(ACTION ITEM) Word for word, restate the listing; omit the pictures.

(COLLECTED DATA)
--------------------------------

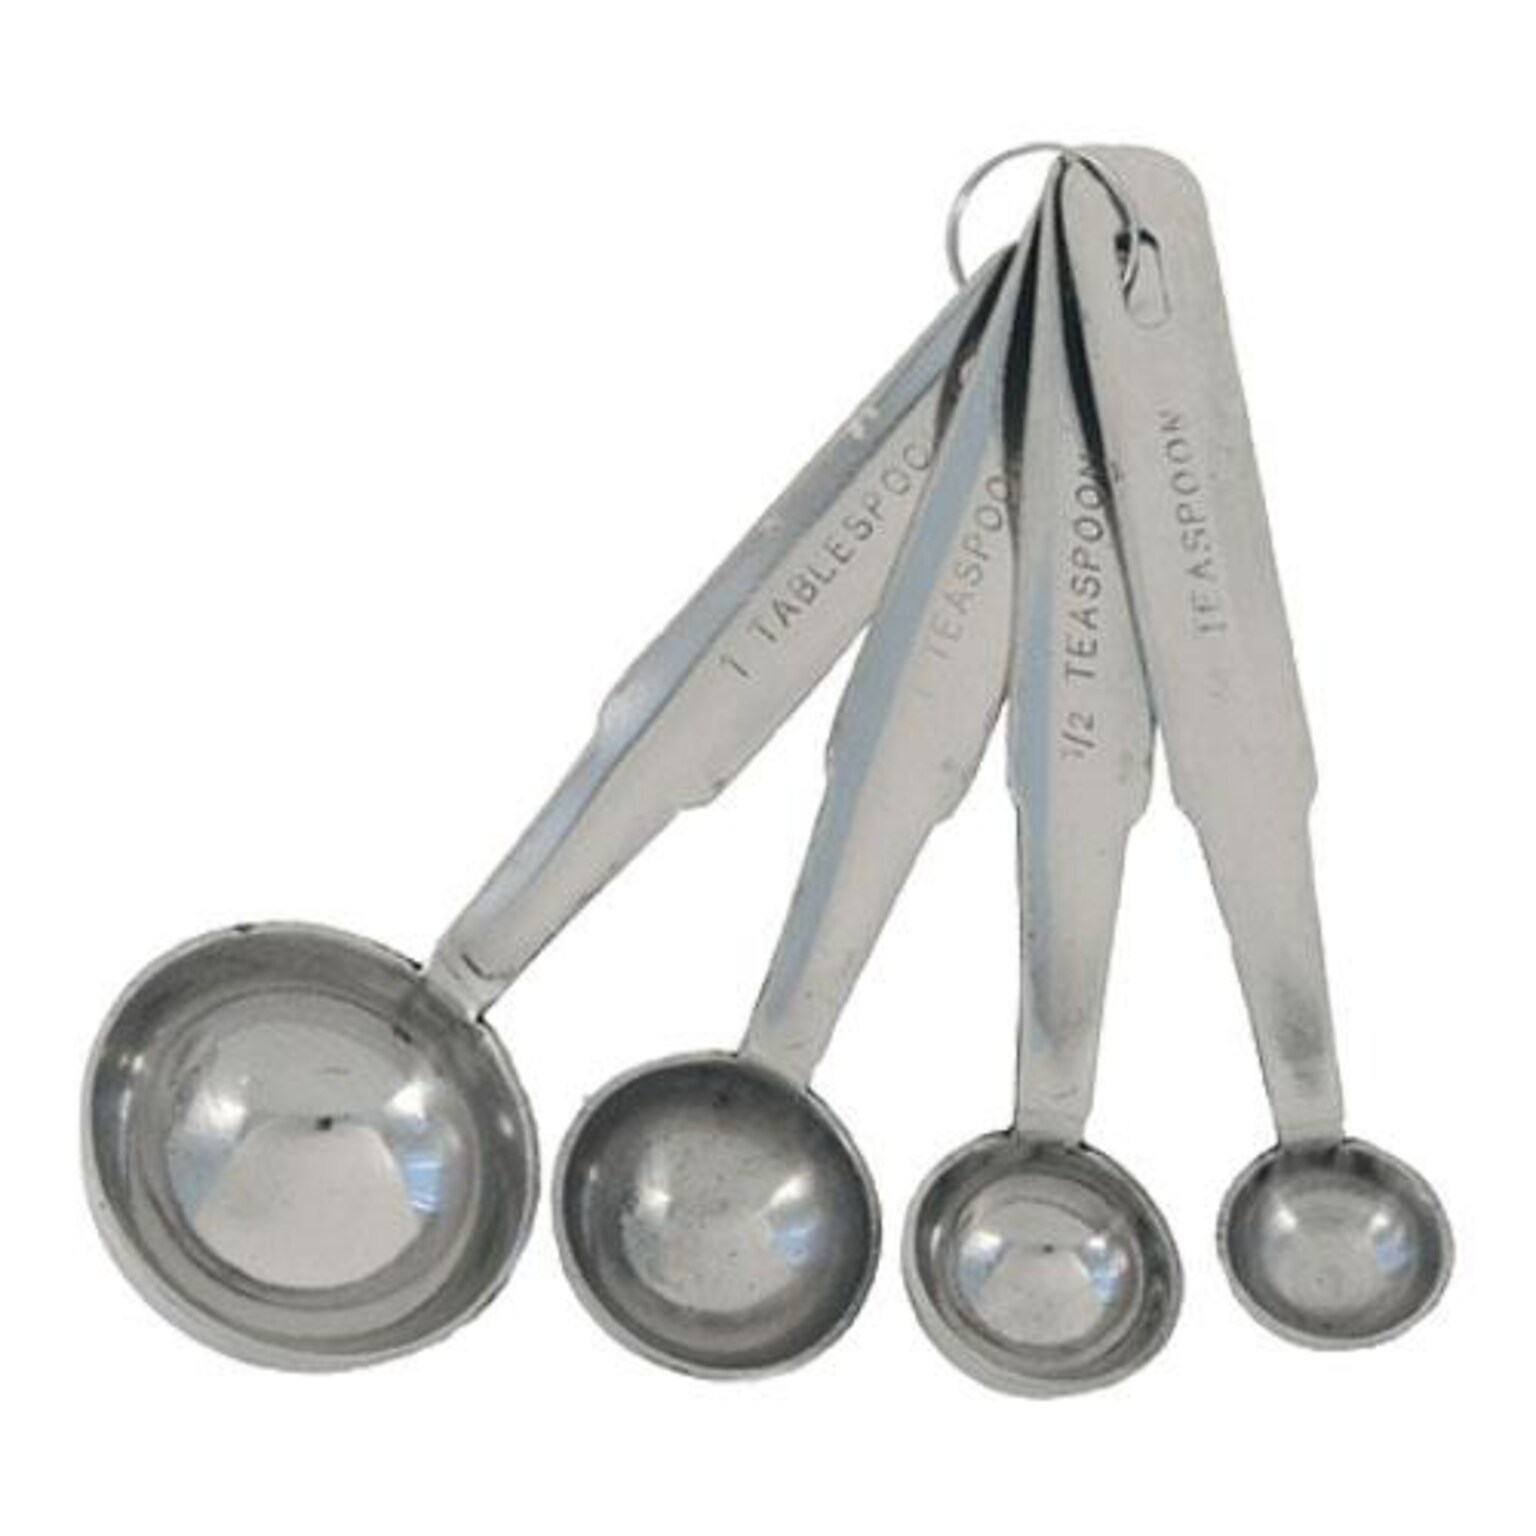 Crestware Stainless Steel Measuring Spoon Set (MEASPHD)
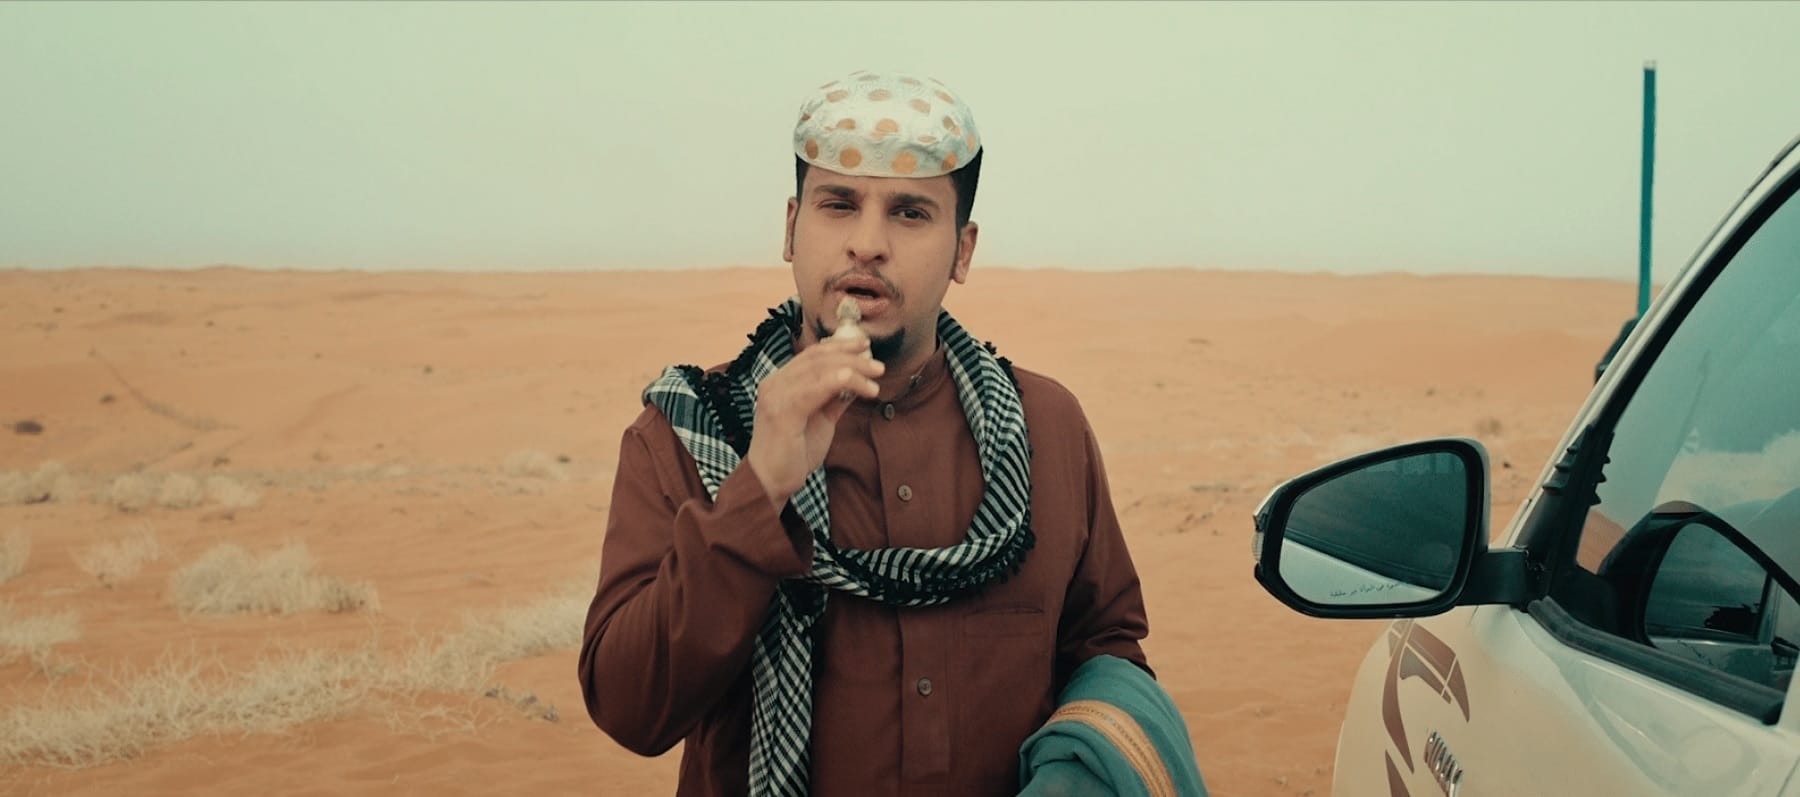 ما تودّون معرفته عن قنبلة السينما السعودية "شباب البومب"
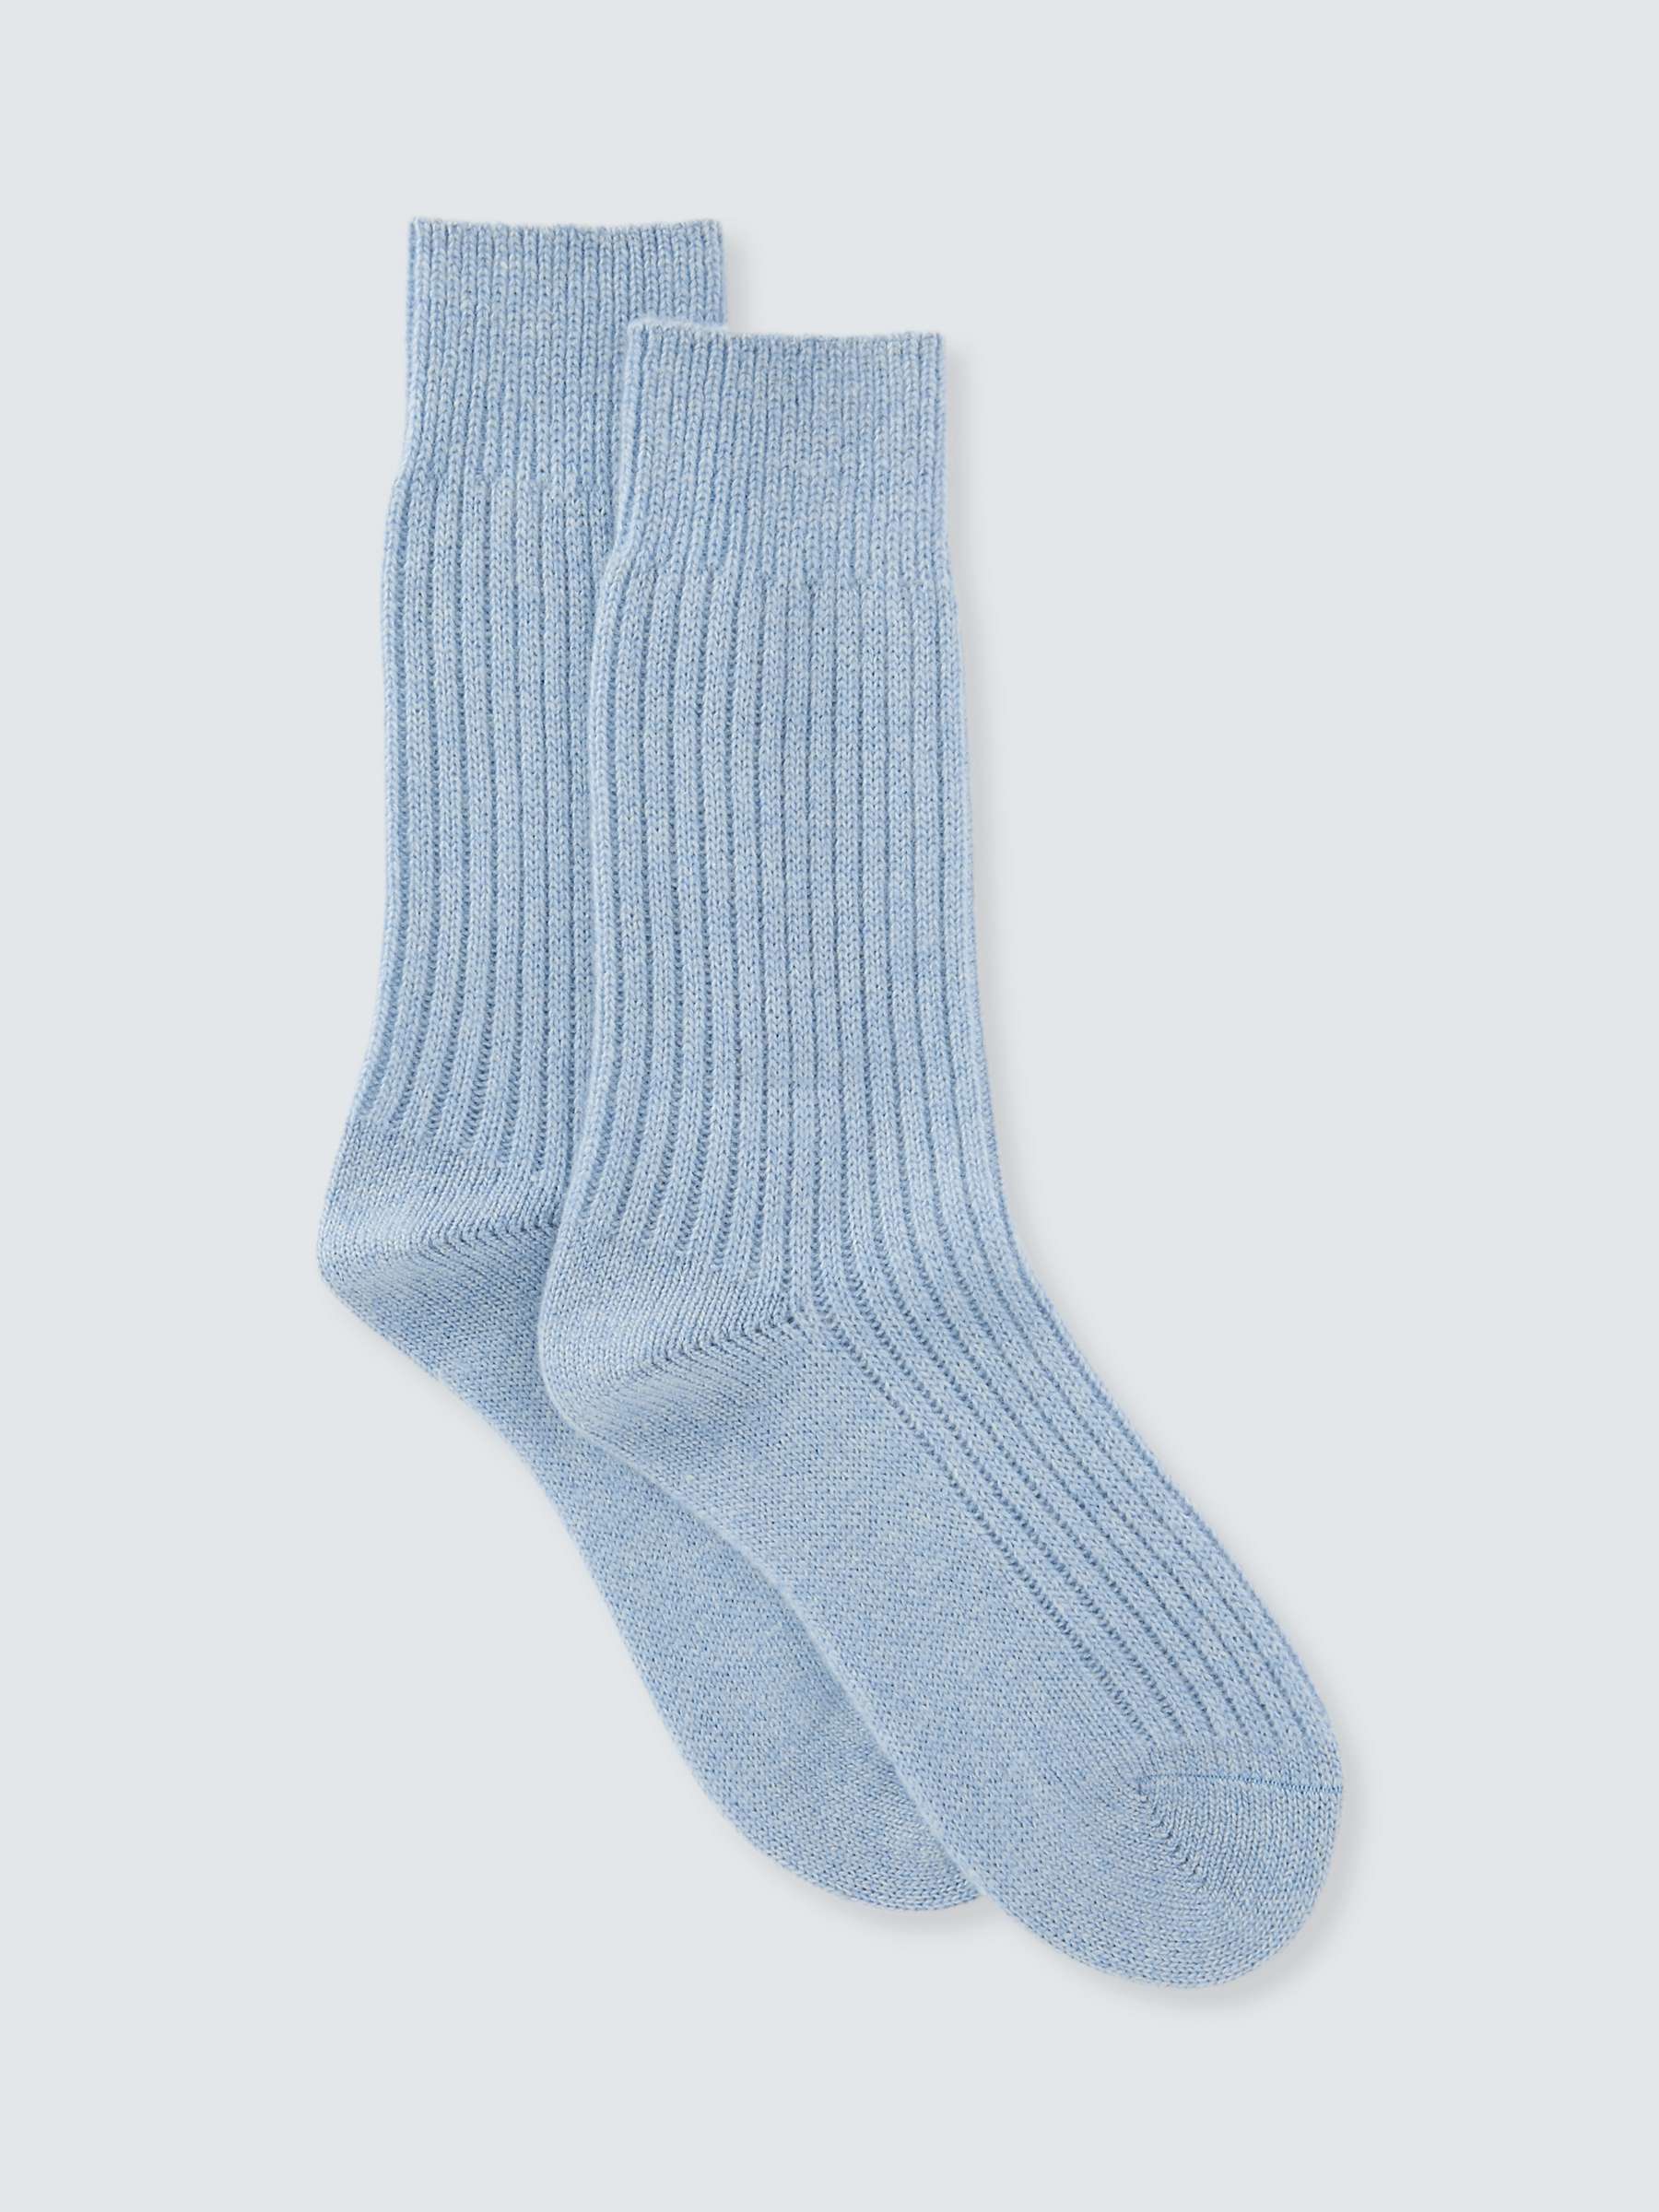 Buy John Lewis Cashmere Rich Bed Socks Online at johnlewis.com

--------------------------------

(YOUR SOLUTION)
 Crestware Stainless Steel Measuring Spoon Set (MEASPHD)
 ما تودّون معرفته عن قنبلة السينما السعودية "شباب البومب"
 Buy John Lewis Cashmere Rich Bed Socks Online at johnlewis.com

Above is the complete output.